If any institutional leaders are thinking that if they do just enough compliance with Trump’s demands, he will stop the war, they are kidding themselves.
How is the rush to declare institutional neutrality to not just words but actions, as enacted by Vanderbilt chancellor Daniel Diermeier last year, working out? Surely they are feeling secure knowing that they got ahead of the abuse.
What’s that? That isn’t happening? Turns out Vanderbilt has had to pause graduate student admissions because of concerns about funding. I guess surrendering in advance wasn’t the way to go.
I used Vanderbilt only because it was a recent, handy example, not the only one. The silence from major, well-resourced higher education institutions is truly deafening.
Writing at her personal website, Jackie Gharapour Wernz, an education and civil rights attorney, calls the Dear Colleague letter “regulation by intimidation,” which is exactly right. Bending the knee at this moment only demonstrates the effectiveness of intimidation.
Wernz walks through a number of ways the advisories in the letter go well beyond well-established law, while also making an additional important point: Trump is busy gutting the very agencies that would be able to do the investigation and enforcement of institutions they believe are in violation of legal regulations. This reality, plus the various procedural steps involved in these investigations, suggests that it may be far more advantageous to dig in and run out the clock of this initial flurry, particularly when existing law is clearly on your side.
But this doesn’t seem to be the strategy for most institutions. They are going to hope this goes away. Trying to make yourself a smaller target doesn’t mean the people intent on destroying you are going to stop attacking.
Interestingly, the group of higher ed leaders who are … uh … leading belong to the Education for All coalition, primarily consisting of community college administrators. Under the “freedom’s just another world for nothing left to lose” theory, this should not be surprising.
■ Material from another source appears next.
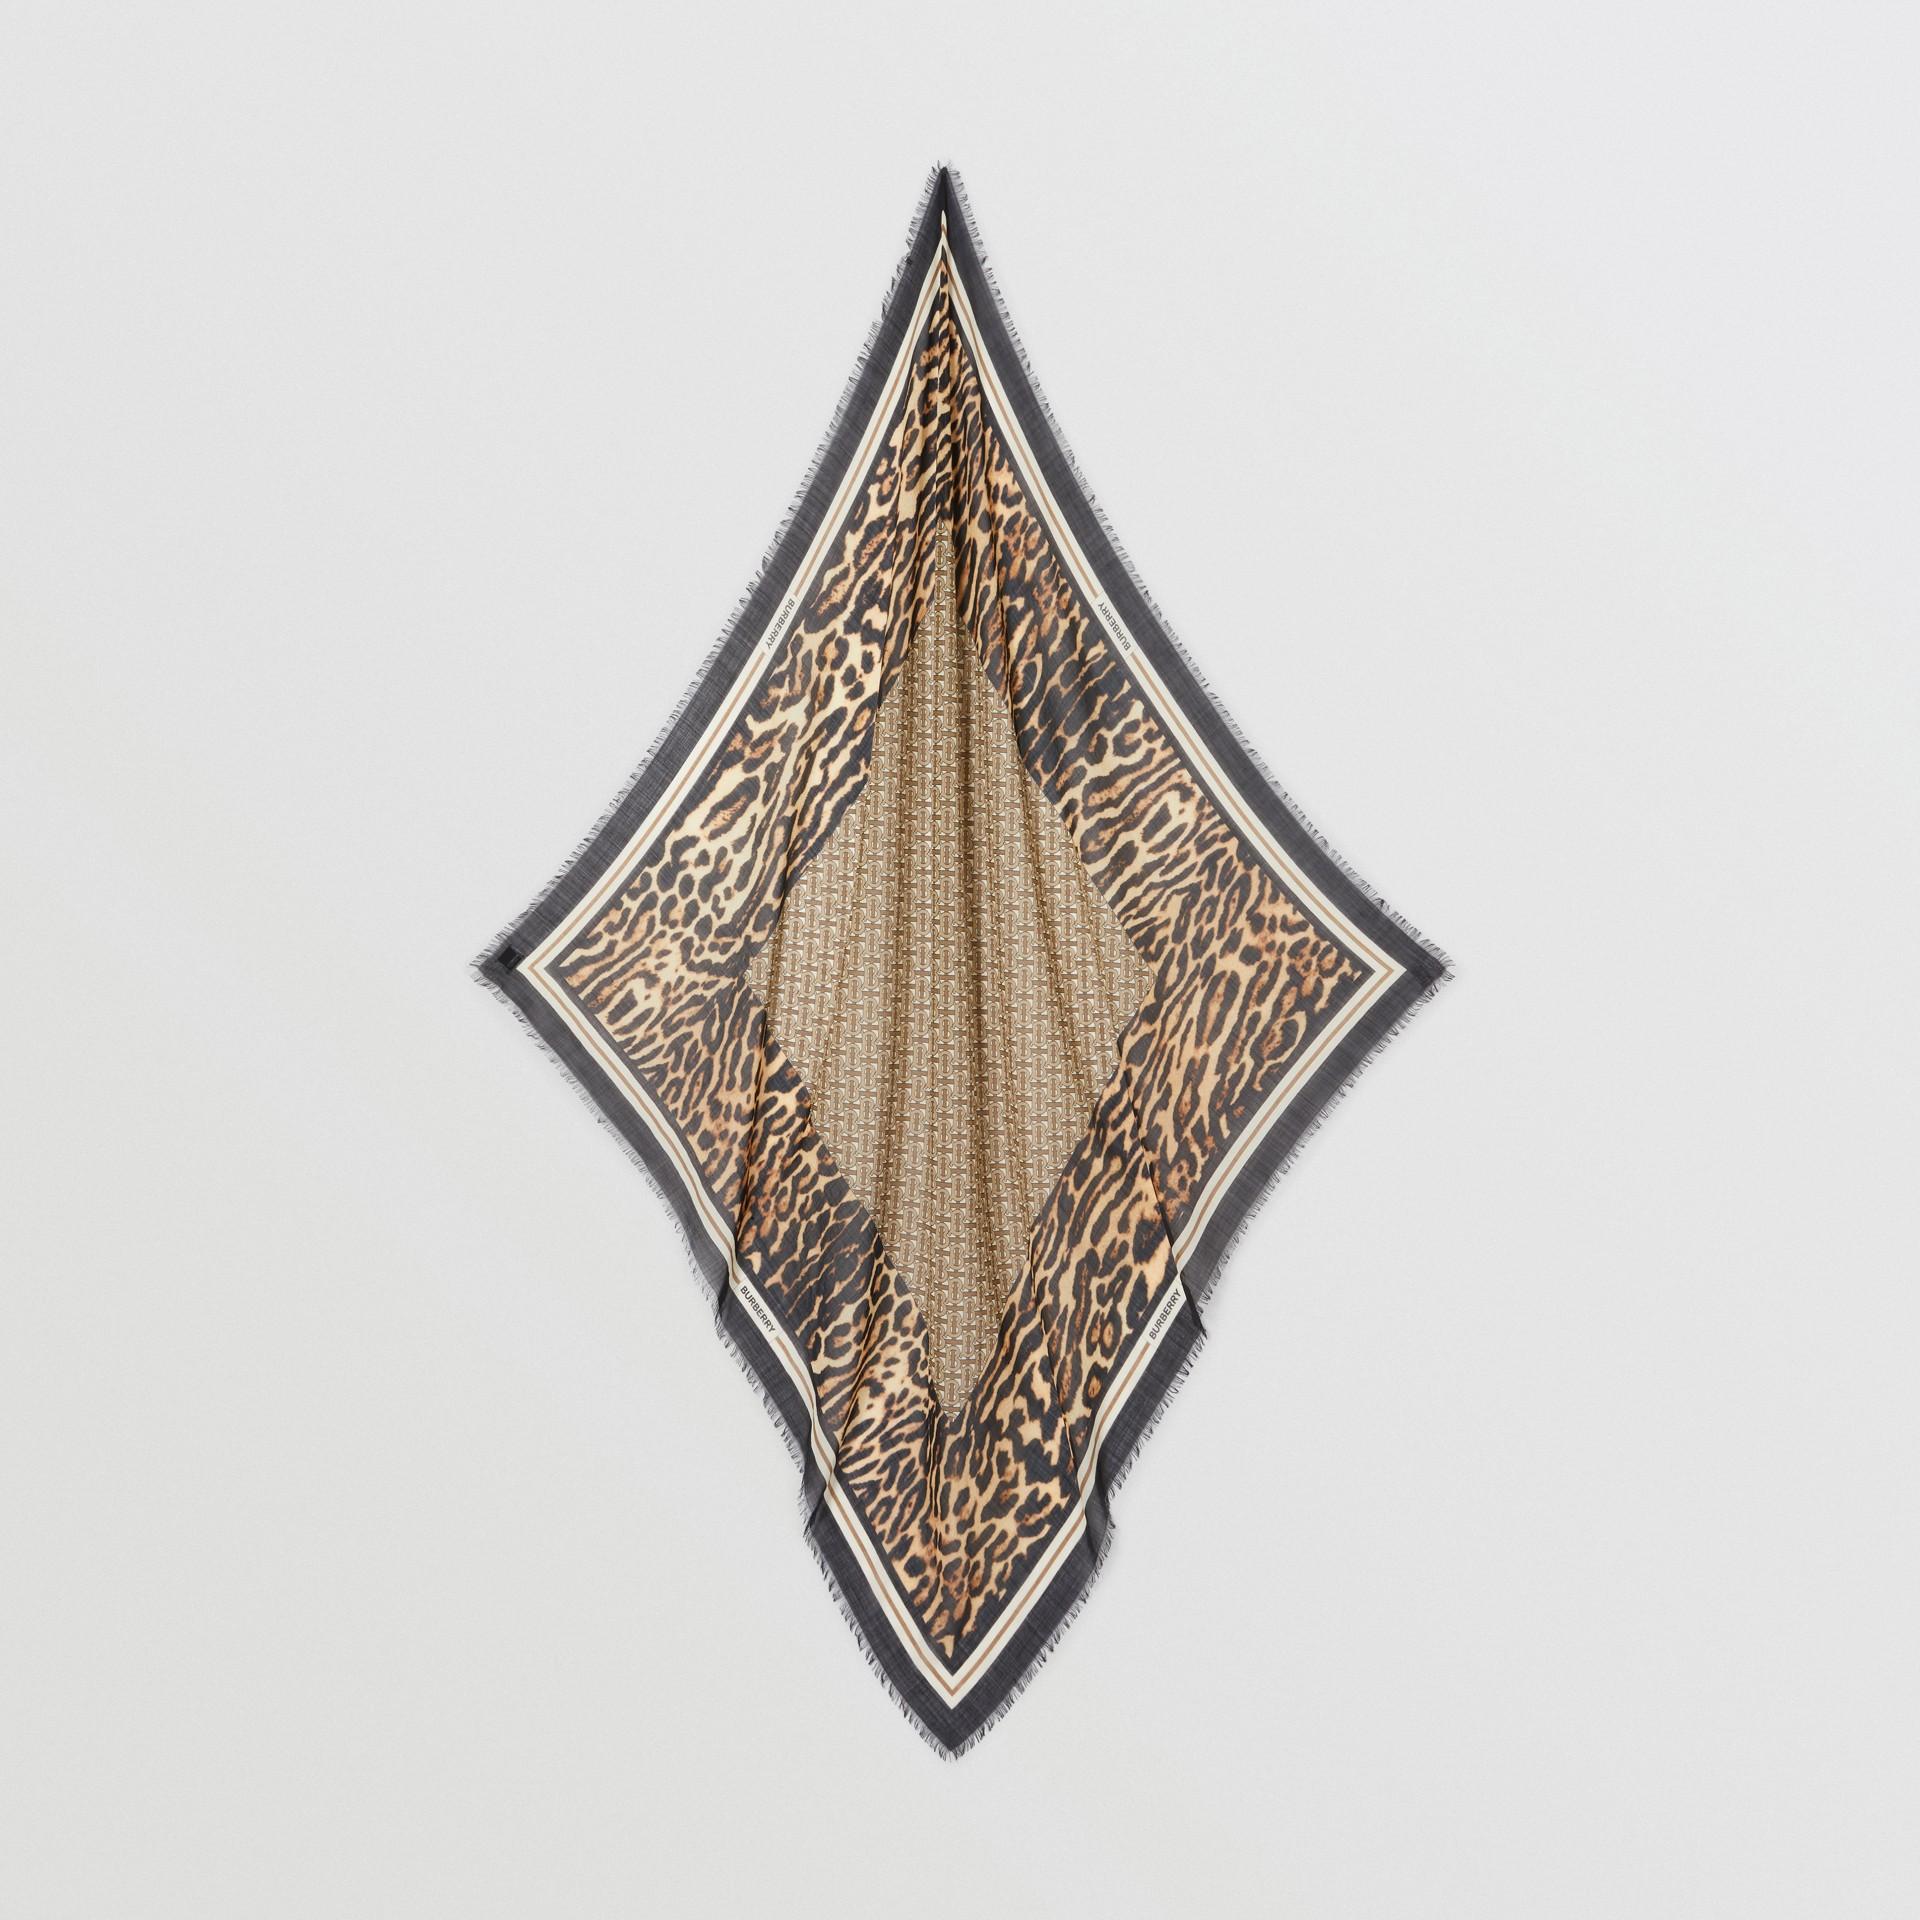 モノグラムプリント ウールシルク ラージ スクエアスカーフ (アーカイブベージュ) | バーバリー - ギャラリーイメージ 3

Giving in to the Trump administration’s demands to give up on providing educational opportunities to diverse cohorts of students with different desires and needs would be to abandon their work entirely. Their defiance is both principled and practical.
To me, this suggests that the more prestigious institutions that are cowering in the face of the intimidation perhaps do not see their mission in terms of providing access to all. In a lot of ways, the present situation is primarily revealing that which we already knew—that the interests in diversity, equity and inclusion in elite spaces were a virtue-signaling scrim over the much less savory reality of wealth and exclusion.
Look, I’m getting worked up here. The truth is, I don’t wish any harm on any higher education institution, but the institutions with the most resources, most power and most influence must step up.
The present threat goes well beyond an attack on the institutional coffers. These attacks on higher education are part of a much broader push toward authoritarianism as a federal executive (and his minions) direct the actions of formerly free institutions and people.
The good news is that should institutions stand up for themselves, I think they will find many people standing up with them, including, most importantly, the students. Unfortunately, the longer institutions hesitate to stand for the values they claim to hold, the more distrust they’re sowing with the very constituencies who could save them, who do not want to destroy them, but the opposite, who want to see them thrive.
The stakes are almost impossibly high. Shouldn’t we act like it?